The Sunday Times reports that the European Union wants us all to have digital spies in our cars.

Black box recorders could be installed in all new cars under a European Union ruling.

The aircraft-style equipment would also act as a tracker, using global positioning satellites to record the location and route of a vehicle and to tell how fast a driver is going and whether seatbelts are being worn.

Like most dumb ideas, the plan will apparently improve our safety – but by its very nature, a black box recorder only records what has actually happened, rather than what’s going to happen. So if you get pissed out of your head and drive into a gaggle of schoolchildren, the black box won’t prevent you from killing anybody; all it can do is record just how fast you were going when you hit them. And in most cases, we don’t need black boxes to record that information, as the police and insurance firm accident investigators can usually identify the specific circumstances of any crash by checking tyre marks, vehicle damage and so on.

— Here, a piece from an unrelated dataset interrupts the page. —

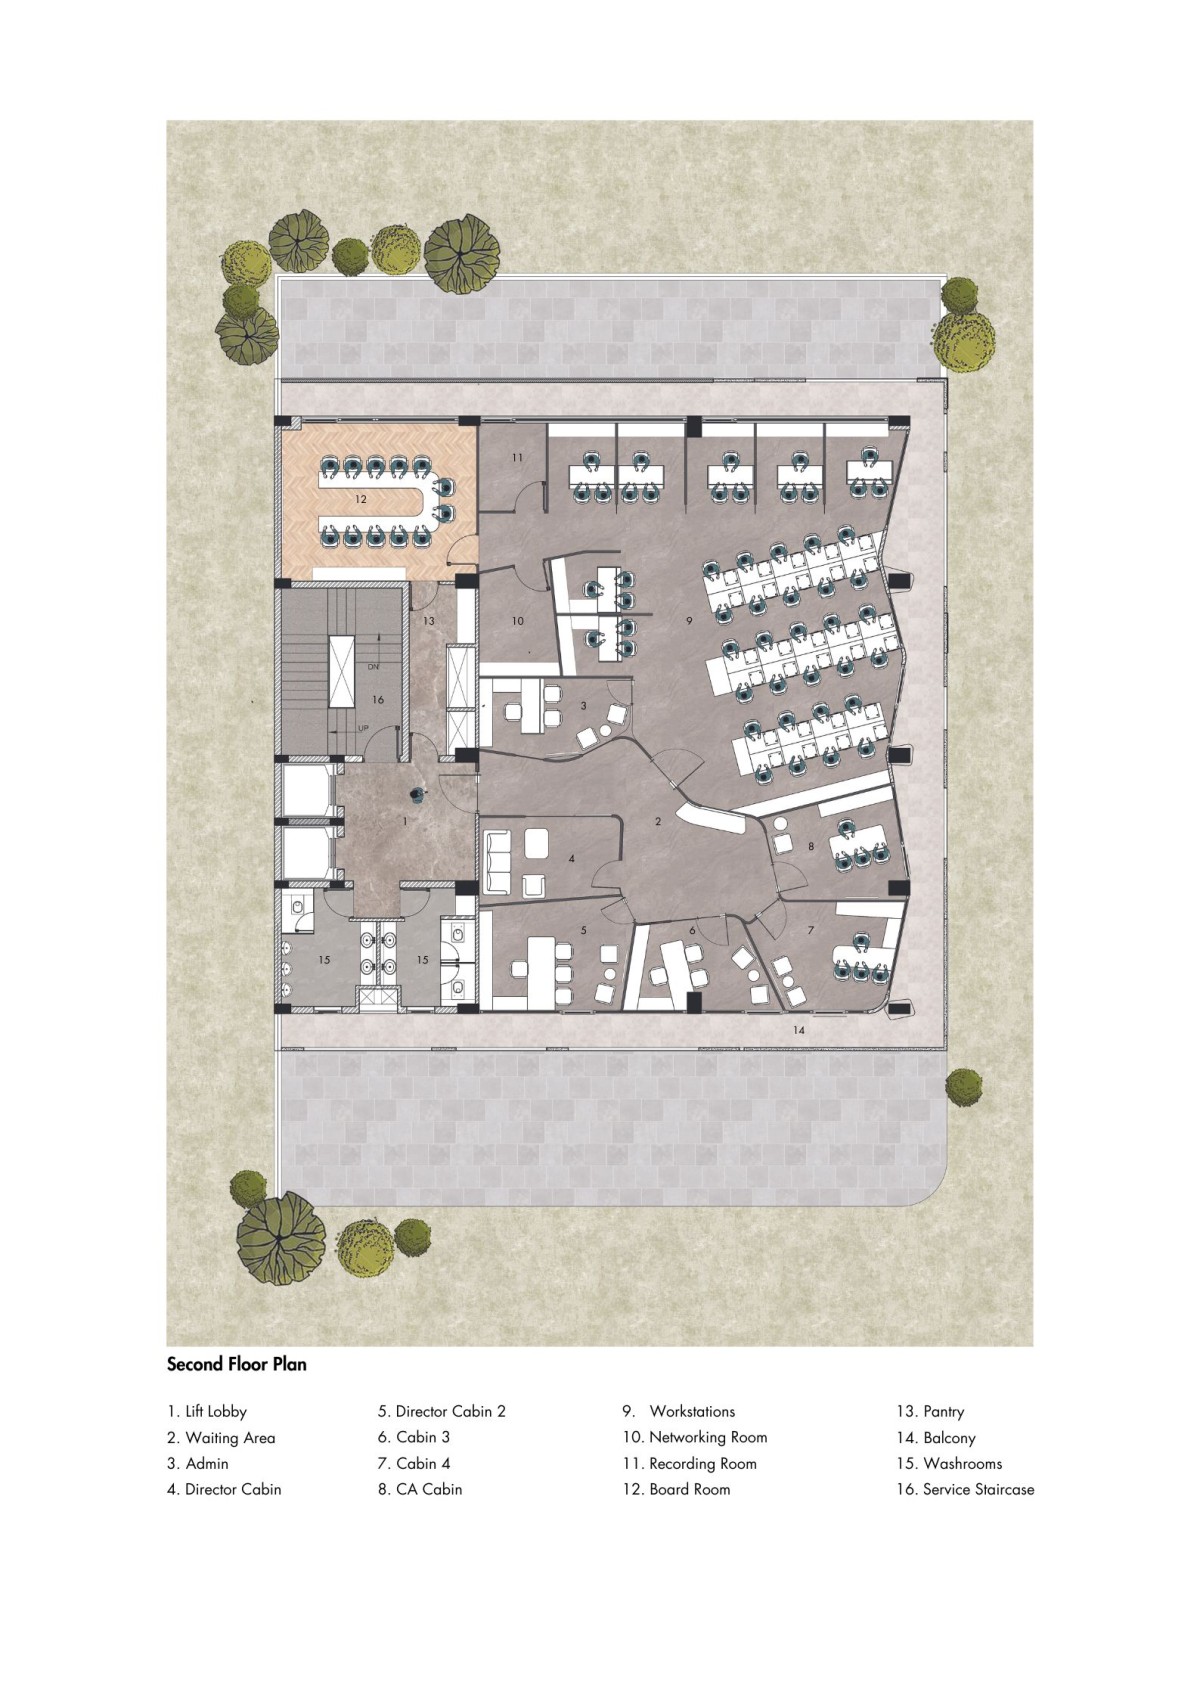 Second Floor Plan of Vornoid by Studio Ardete

The thought of satellites monitoring our cars to check whether we’re wearing seatbelts – hardly the most pressing problem on the roads, not least because (unless I’ve missed the headlines about people flying through their windscreens and hitting pensioners like bizarre, fleshy cruise missiles) refusing to wear a seatbelt doesn’t put anyone other than yourself and/or your passengers at risk – seems like overkill, and of course it is. Nothing about the proposal makes sense, unless you’re utterly paranoid.

Which, of course, I am.

The black box proposal doesn’t make sense if the boxes are passive devices, boxes that merely record data for future use. If, however, the boxes are active – they can take action based on the data they record, or based on external stimuli – then they become much more interesting (and scary). If the box were to include an electronic speed limiter – something you’ll find in lots of modern cars, particularly performance ones – then it could respond to electronic speed limit signs. Drive into a “twenty’s plenty” zone and the speed limiter would kick in; you can mash the loud pedal as much as you like, but the car would stick religiously to the speed limit. Or the box could control your engine and braking in much the same way today’s anti-theft systems work: if for whatever reason an official wants to stop you, they simply hit a few keys on the keyboard and your car glides to a halt and locks the doors until the police arrive.

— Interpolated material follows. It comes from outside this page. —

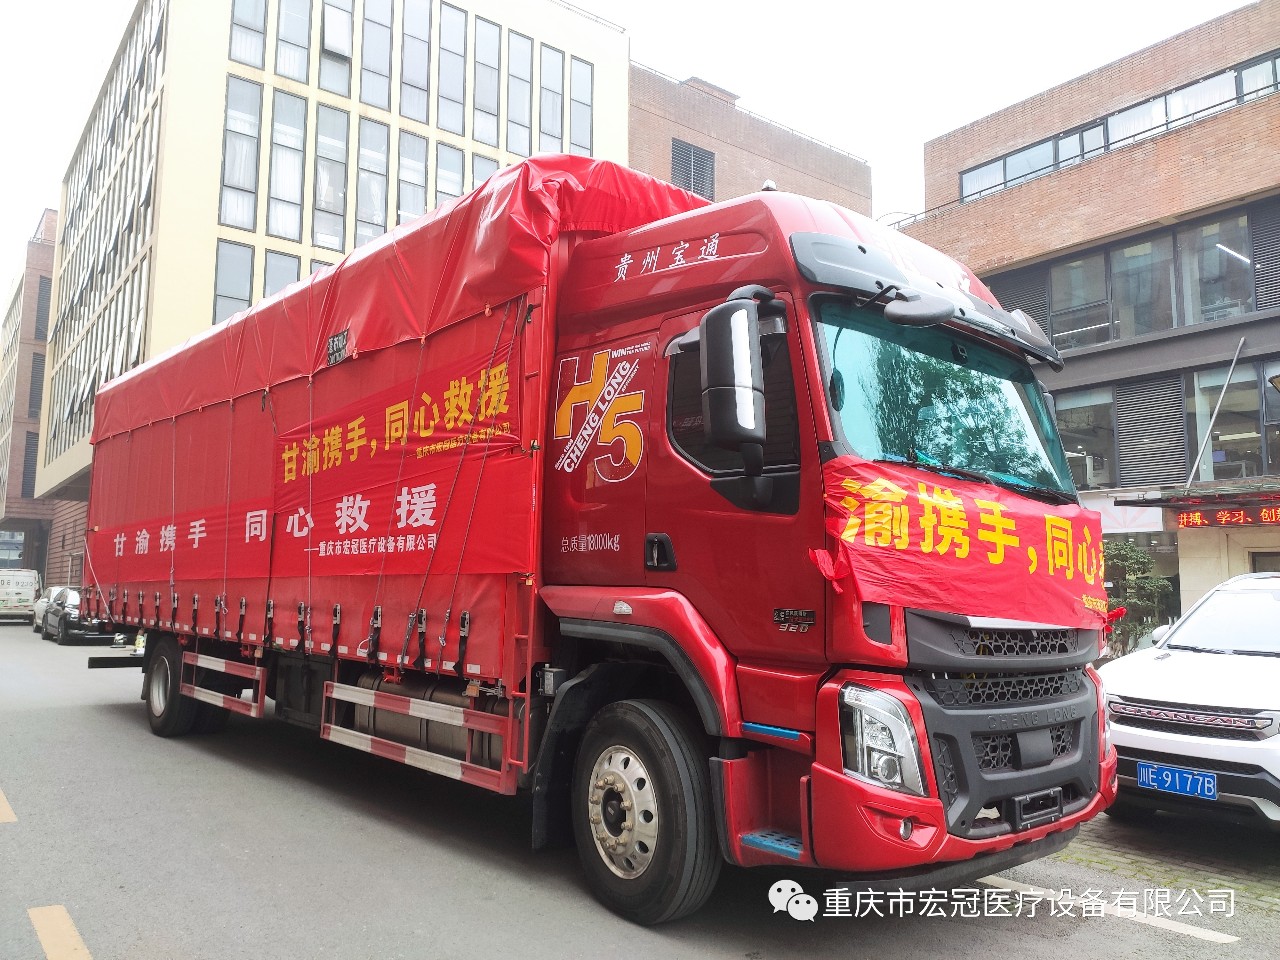 Chongqing Hongguan Medical Equipment Co., Ltd. গানসুতে দুর্যোগপূর্ণ এলাকায় সহায়তার জন্য 700,000 ইউয়ানেরও বেশি চিকিৎসা সামগ্রী দান করেছে।

I find that sort of thing sinister, not because I’m a boy racer – after a few near-misses in my early 20s, my driving style is akin to that of a paranoid pensioner – or because I enjoy mowing down pedestrians (as much as I’d like to, sometimes) but because yet again it changes the relationship between us and the state. While some people do indeed drive like maniacs, most of us don’t; yet smart black boxes treat us all like criminals, monitoring our every move on the assumption that sooner or later, we’ll break the law. We’re no longer free agents, innocent until proven guilty; we’re all criminals, who must be watched at all times to make sure we stay honest.

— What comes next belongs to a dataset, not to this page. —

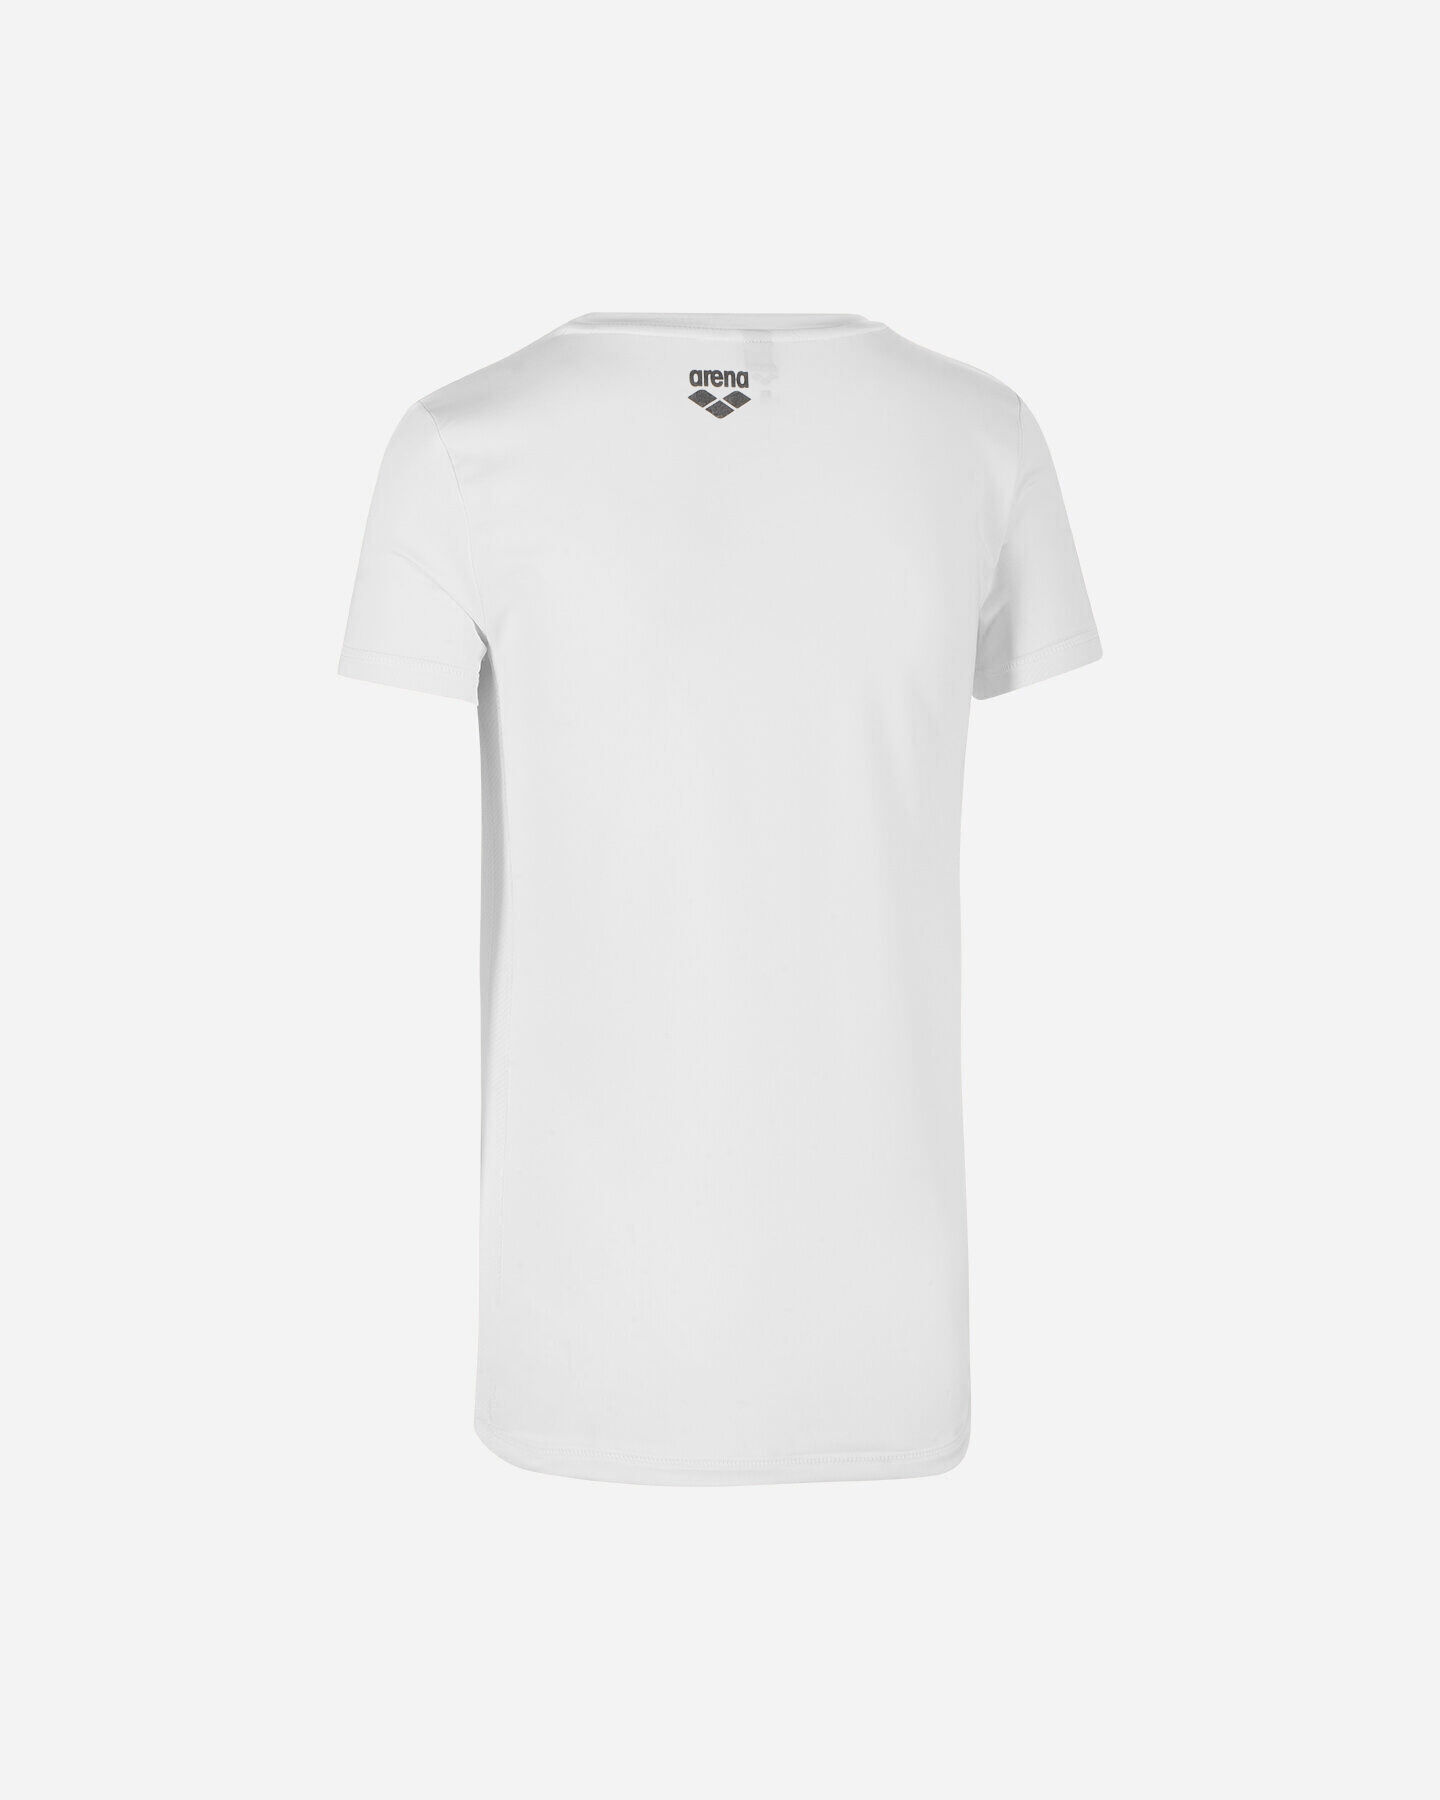  T-Shirt ARENA ATHLETICS W S4075052|001|XS scatto 1

My main objection, though, is much simpler. Governments and technology go together like puppies and napalm: whenever a state – particularly the UK, whose track record in IT is abysmal – comes up with a bright technological idea, it makes a huge horse’s arse of the project. It invariably misses the deadline by years, costs a million times more than budgeted, and doesn’t work properly – and if you’re one of the people whose data gets messed up, fixing the problem can be a hugely complicated and frustrating exercise.

Black boxes in cars, then: hugely expensive, of dubious merit, with awful implications for civil liberties and almost guaranteed to be a cock-up from day one – which means they’re almost certainly going to become mandatory. Perhaps instead of worrying about making smarter cars, we should try to find smarter politicians.